Беа улыбается, но как-то бледно и неубедительно, и идет за водой.
Гвенди закрывает дверь и возвращается к шкафу для бумаг. Она знает, что у нее мало времени. Она снова встает на колени и выдвигает нижний ящик. Пульт никуда не исчез. Он по-прежнему там: буквально искрится в ярком электрическом свете и ждет ее.
Гвенди тянется к нему двумя руками, но замирает в нерешительности. Ее пальцы застывают в паре дюймов от полированной поверхности. Она чувствует, как волоски у нее на руках встают дыбом. Слышит какой-то едва различимый шепот в самых глубинах сознания. Собравшись с духом, она осторожно вынимает из ящика пульт. И как только берет его в руки, ее накрывает волной воспоминаний…
10
Когда Гвенди была маленькой, каждое лето – обычно ближе к Четвертому июля – папа вытаскивал с чердака старую картонную коробку с надписью «СЛАЙДЫ». Он торжественно ставил старенький диапроектор на журнальный столик в гостиной, вешал проекционный экран перед камином и выключал свет. Для него это было большое событие. Мама делала лимонад и готовила попкорн.
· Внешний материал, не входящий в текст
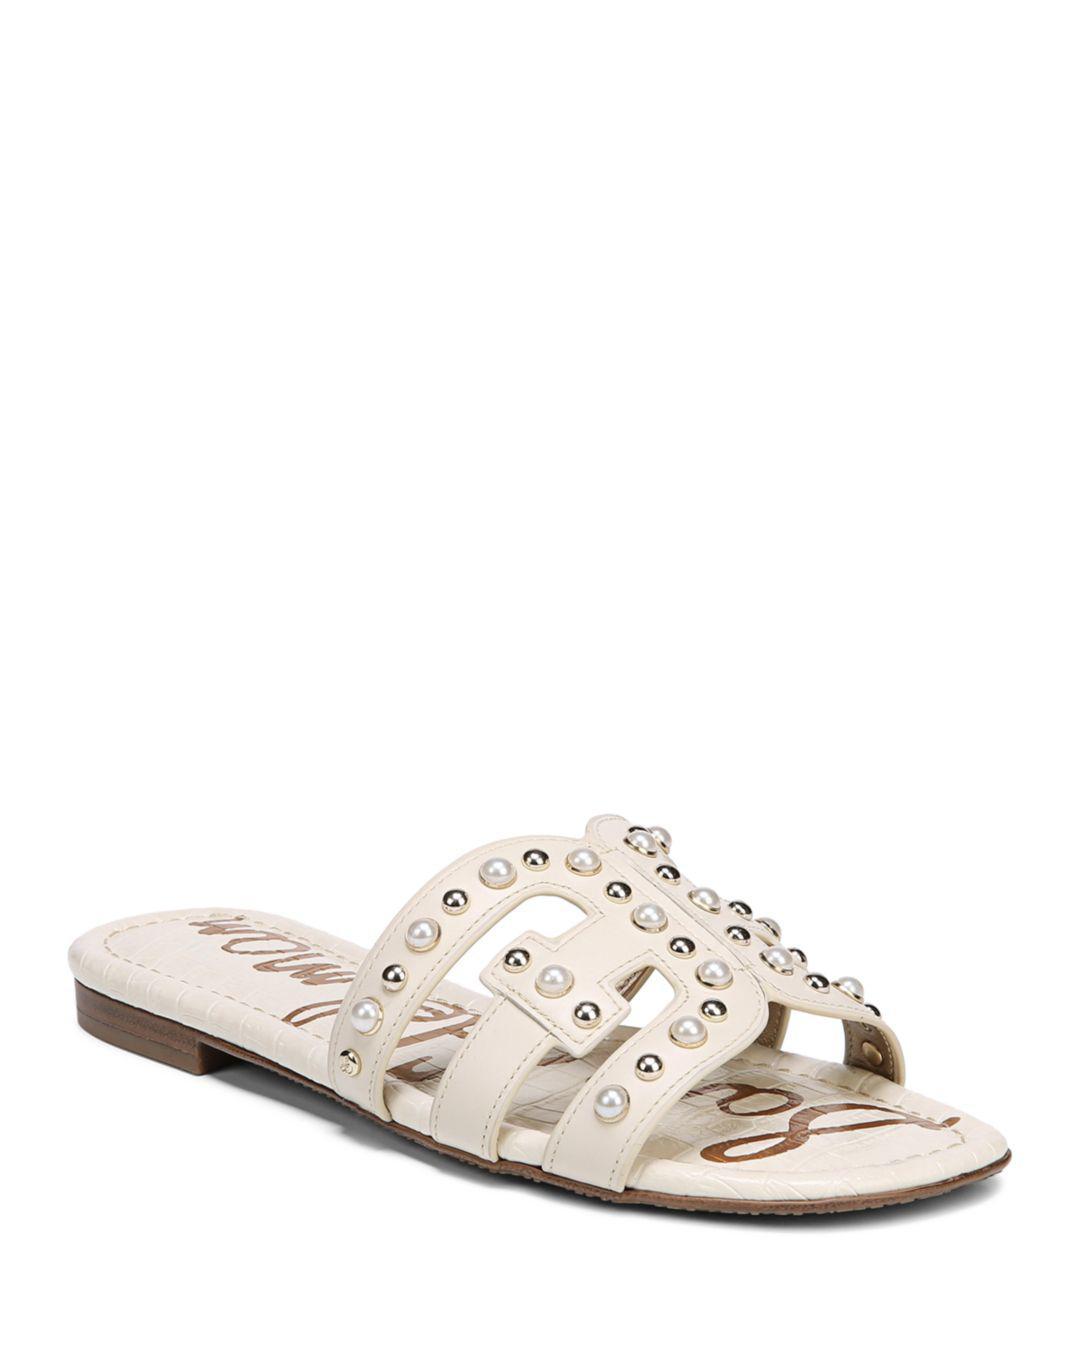 d57289069 Sam Edelman Women s Bay 2 Leather Embellished Slide Sandals in White ...

Каждый слайд папа сопровождал небольшим рассказом, включив, как он выражался, «свой лучший голливудский голос», и устраивал театр теней в перерывах. Гвенди обычно сидела на диване между мамой и папой, но иногда к ним приходили соседские детишки, и тогда Гвенди сидела на полу перед экраном вместе со своими друзьями. Кое-кто из ребят откровенно скучал и уходил, не досидев до конца, под каким-нибудь благовидным предлогом («Ой, извините, мистер Питерсон, но я только что вспомнила, что обещала маме убраться в комнате»), но Гвенди никогда не бывало скучно. Ее завораживали картинки на экране и истории, изображенные на этих картинках.
Как только Гвенди касается пульта – впервые за пятнадцать лет, – у нее перед глазами проносится серия ярких картинок наподобие папиного слайд-шоу. Каждая картинка рассказывает свою собственную тайную историю.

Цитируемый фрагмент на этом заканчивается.